I would like to extract the substring from the string, such as

Case 1:

text = "some_txt" # → some_txt

Case2:

text = "[info1]some_txt" #  → some_txt

Case3:

text = "[info1][info2] some_text" # → some_txt

Case4:

text = "[info1][info2] some_text_with_[___]_abc" # → some_text_with_[___]_abc

What I did was

match = re.search("^\[.+\] (.*)", text)
   if match:
   result = match.group(1)

It works okay except case 4, which gives abc only.
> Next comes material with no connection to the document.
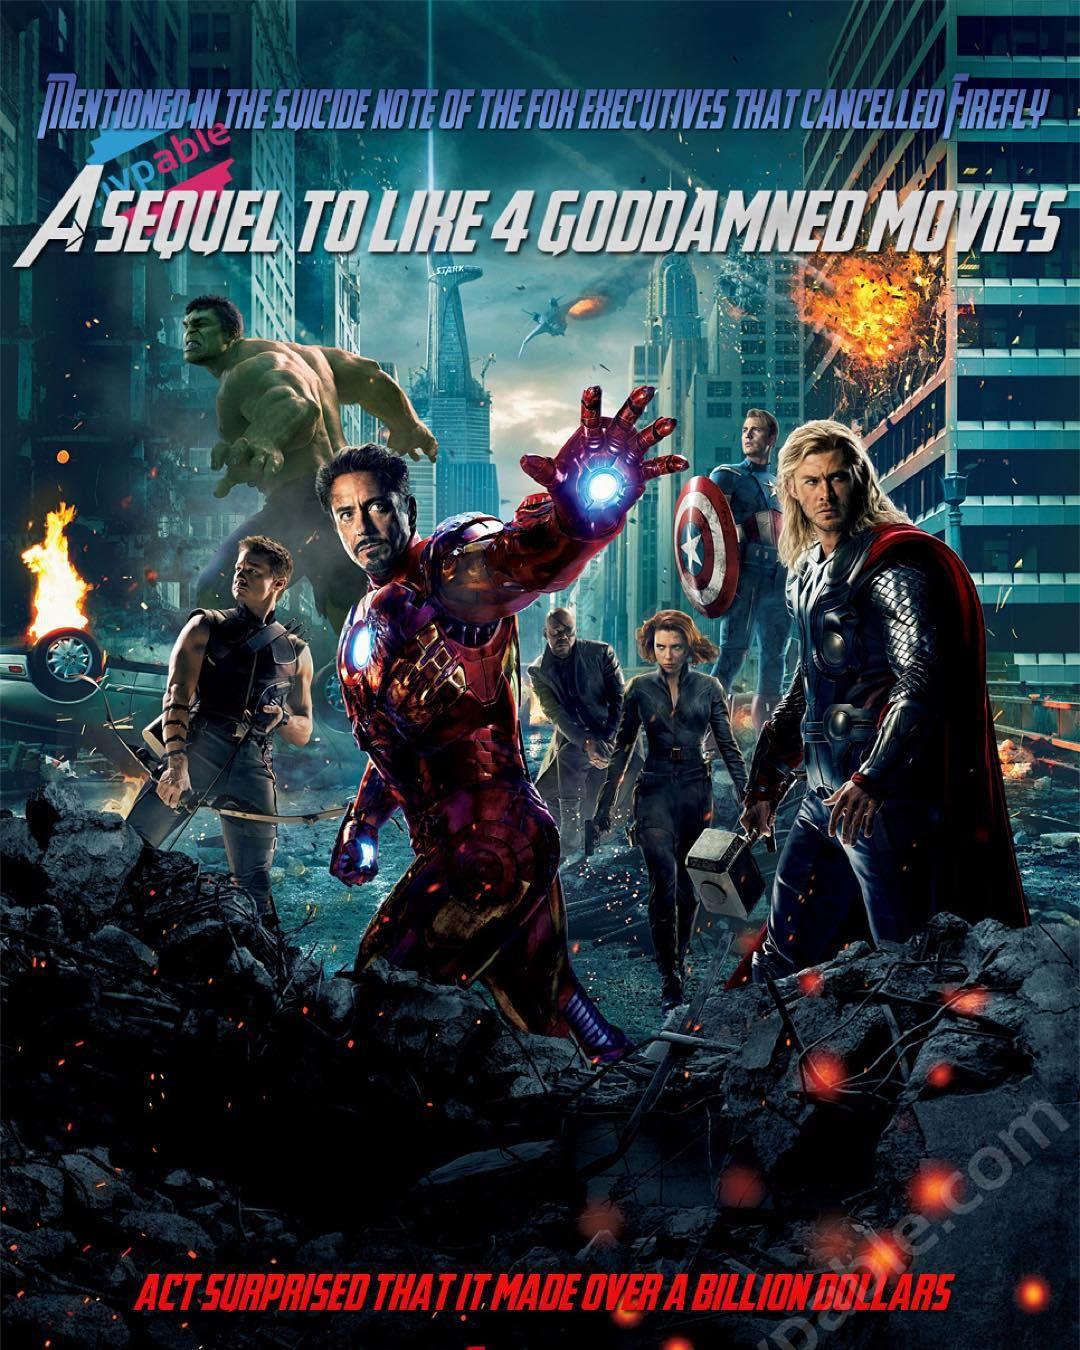 Funny movie posters  #movie #poster #funny #parody

I want to get some_text_with_[___]_abc instead.

Any help will be greatly appreciated.

Answer 1

With your current code, you can use

r"^(?:\[[^][]+](?:\s*\[[^][]+])*)?\s*(.*)"

See the regex demo.

If you are not actually interested in whether there is a match or not, you may use re.sub to remove these bracketed substrings from the start of the string using

re.sub(r'^\[[^][]+](?:\s*\[[^][]+])*\s*', '', text)

See another regex demo.

Regex details

• ^ - start of string
• (?:\[[^][]+](?:\s*\[[^][]+])*)? - an optional occurrence of
  • \[[^][]+] - a [, then any one or more chars other than [ and ] as many as possible and then a ]
  • (?:\s*\[[^][]+])* - zero or more occurrences of zero or more whitespaces and then a [, then any one or more chars other than [ and ] as many as possible and then a ]
• \s* - zero or more whitespaces
• (.*) - Group 1: any zero or more chars other than line break chars, as many as possible.